— What you should do —
Write the data out again exactly, with every picture removed.

— Information supplied —
------------------------

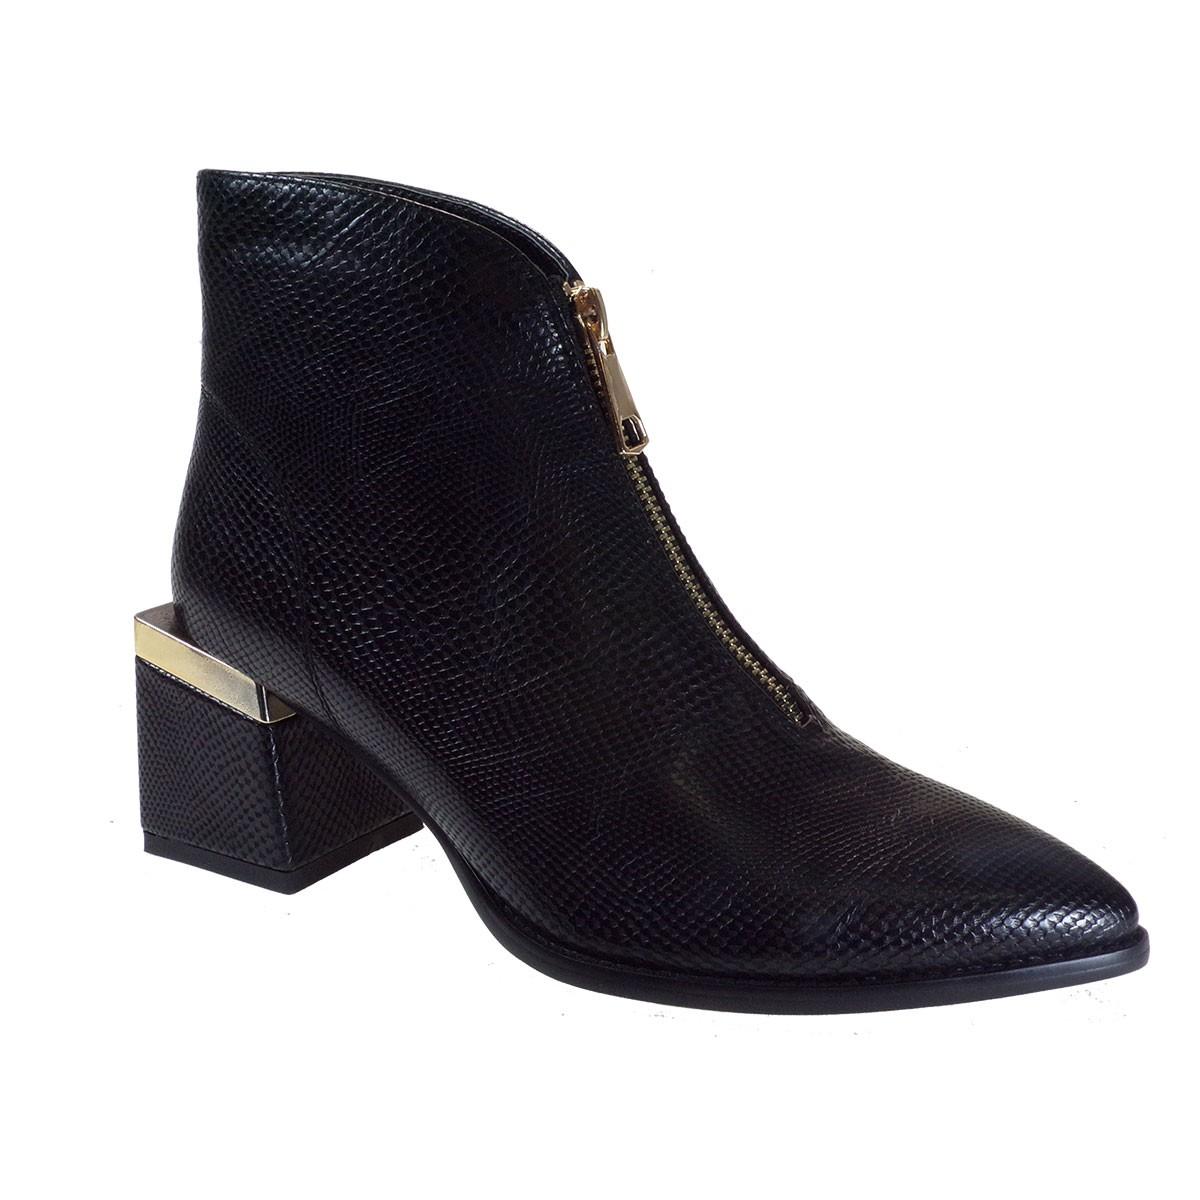 Exe Shoes Γυναικεία Παπούτσια Μποτάκια 903-67V Μαύρo L367V9033006
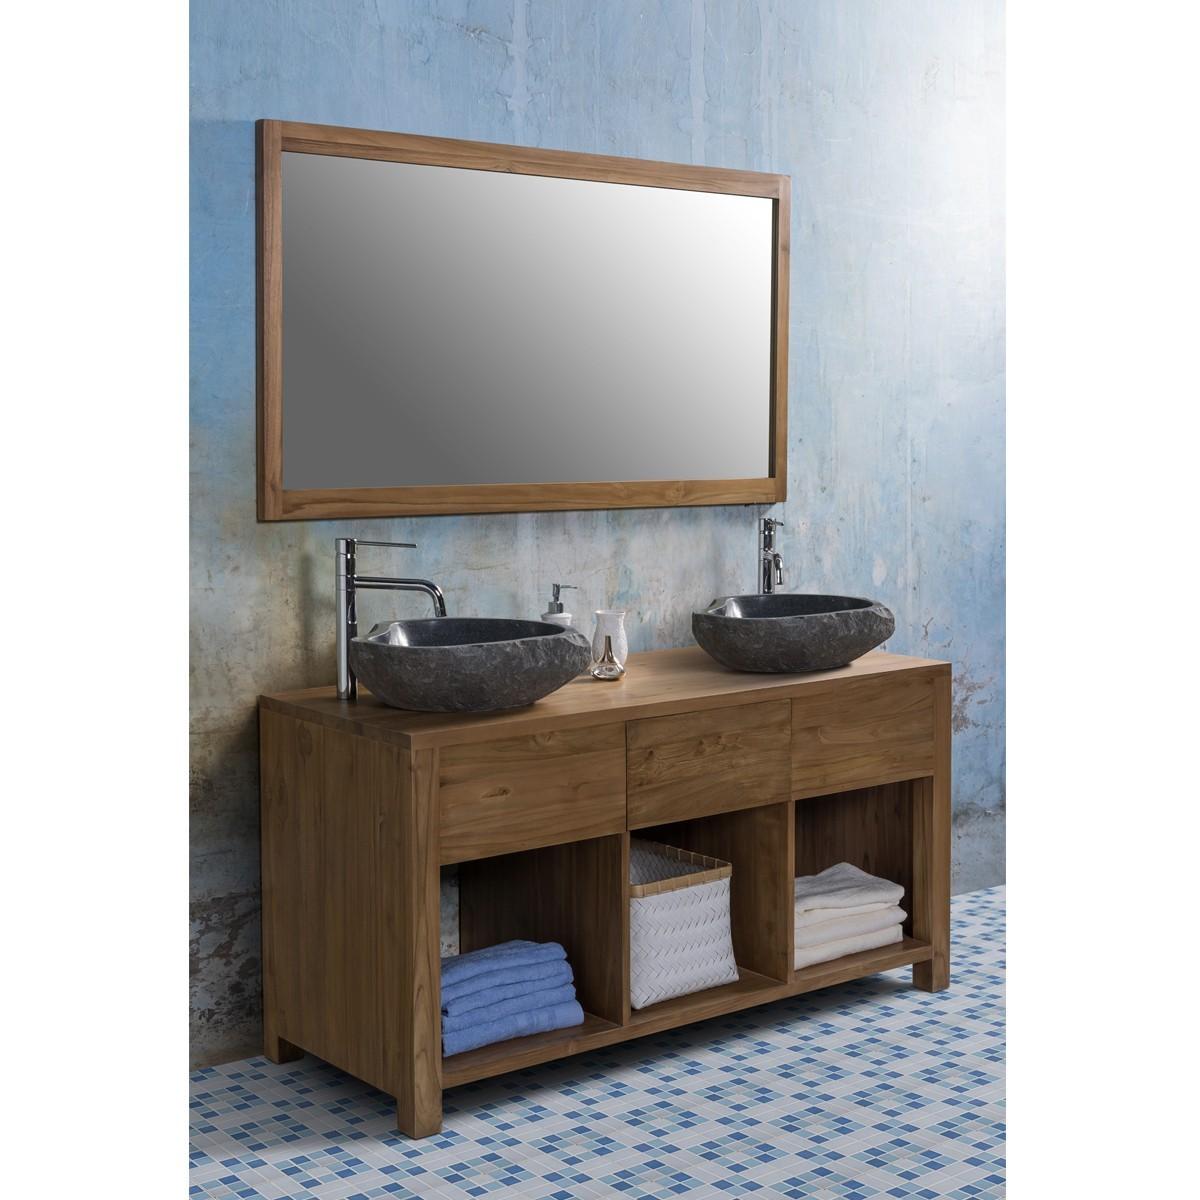 Ensemble de salle de bain en bois de teck 145 2 vasques for Salle de bain bois teck
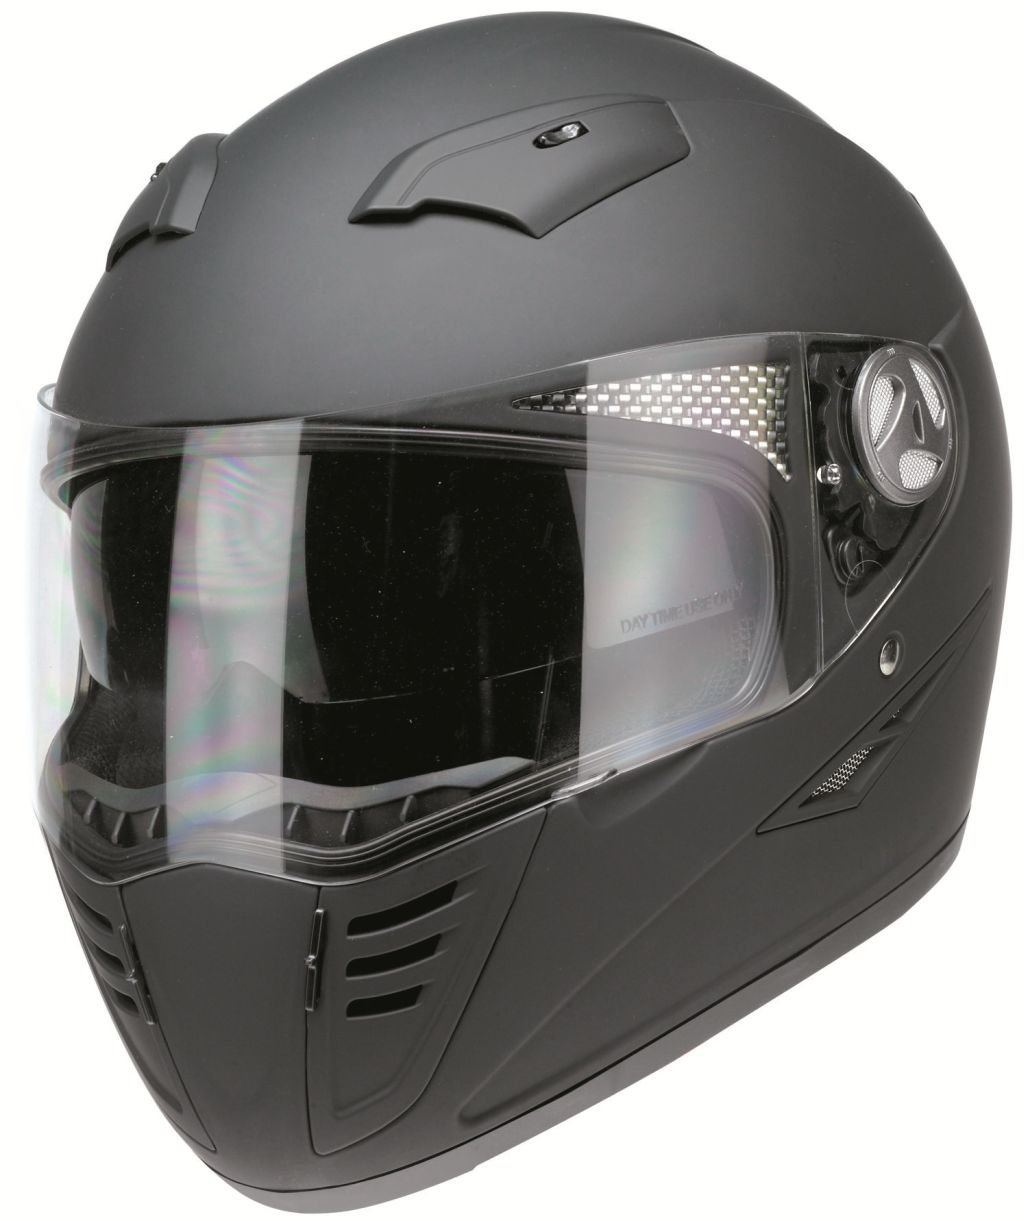 Motorradhelm Motorrad Roller Kart Helm Kochmann RB 1200 Matt Schwarz XS-XXL
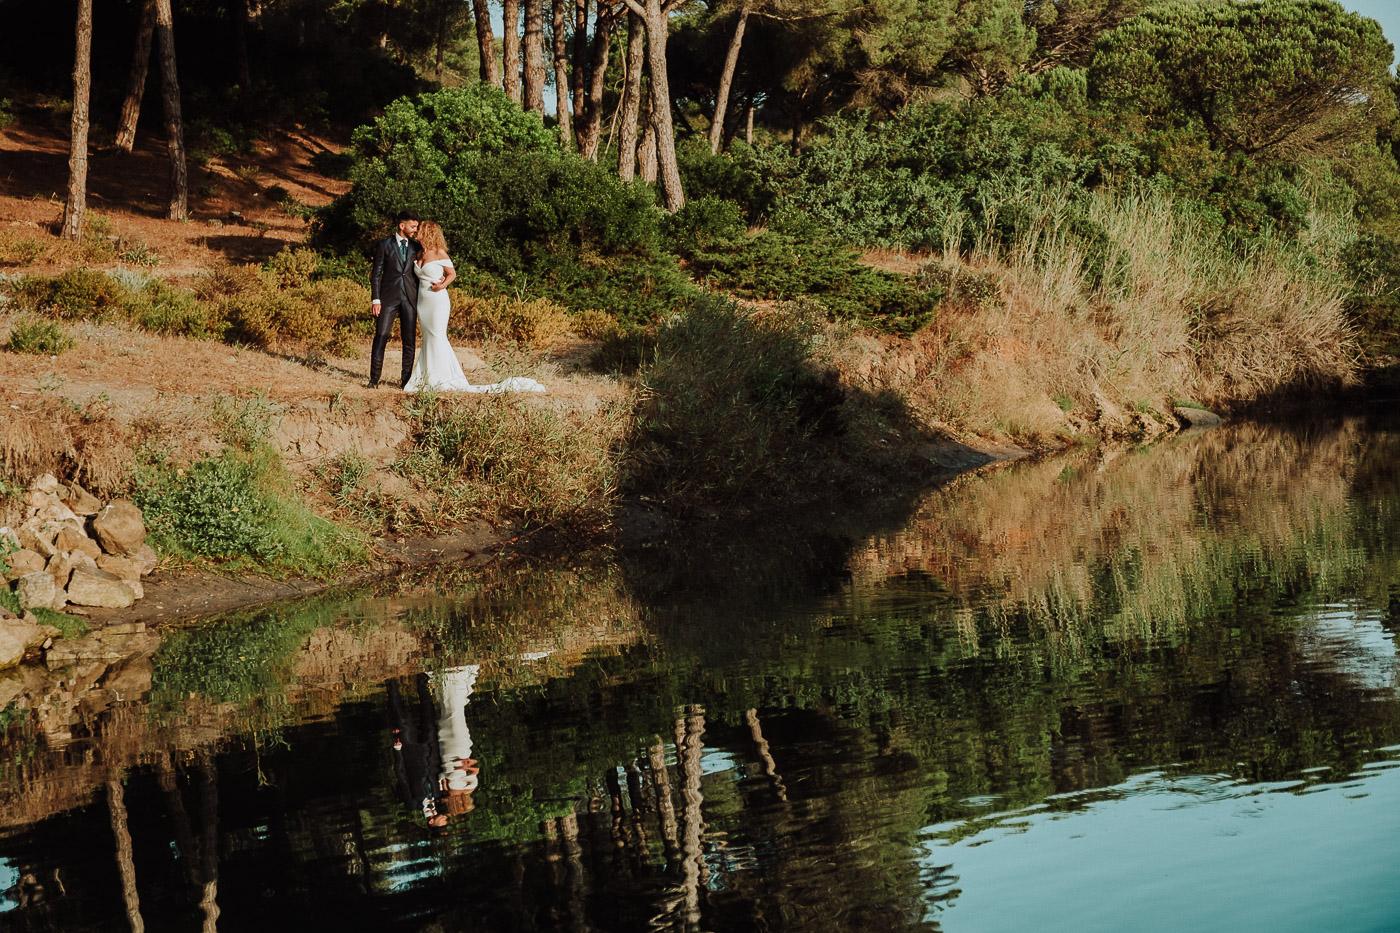 fotografo-bodas-cadiz-preboda-Roche-manuel-fijo

------------------------

— Response —
 Exe Shoes Γυναικεία Παπούτσια Μποτάκια 903-67V Μαύρo L367V9033006
 Ensemble de salle de bain en bois de teck 145 2 vasques for Salle de bain bois teck
 Motorradhelm Motorrad Roller Kart Helm Kochmann RB 1200 Matt Schwarz XS-XXL
 fotografo-bodas-cadiz-preboda-Roche-manuel-fijo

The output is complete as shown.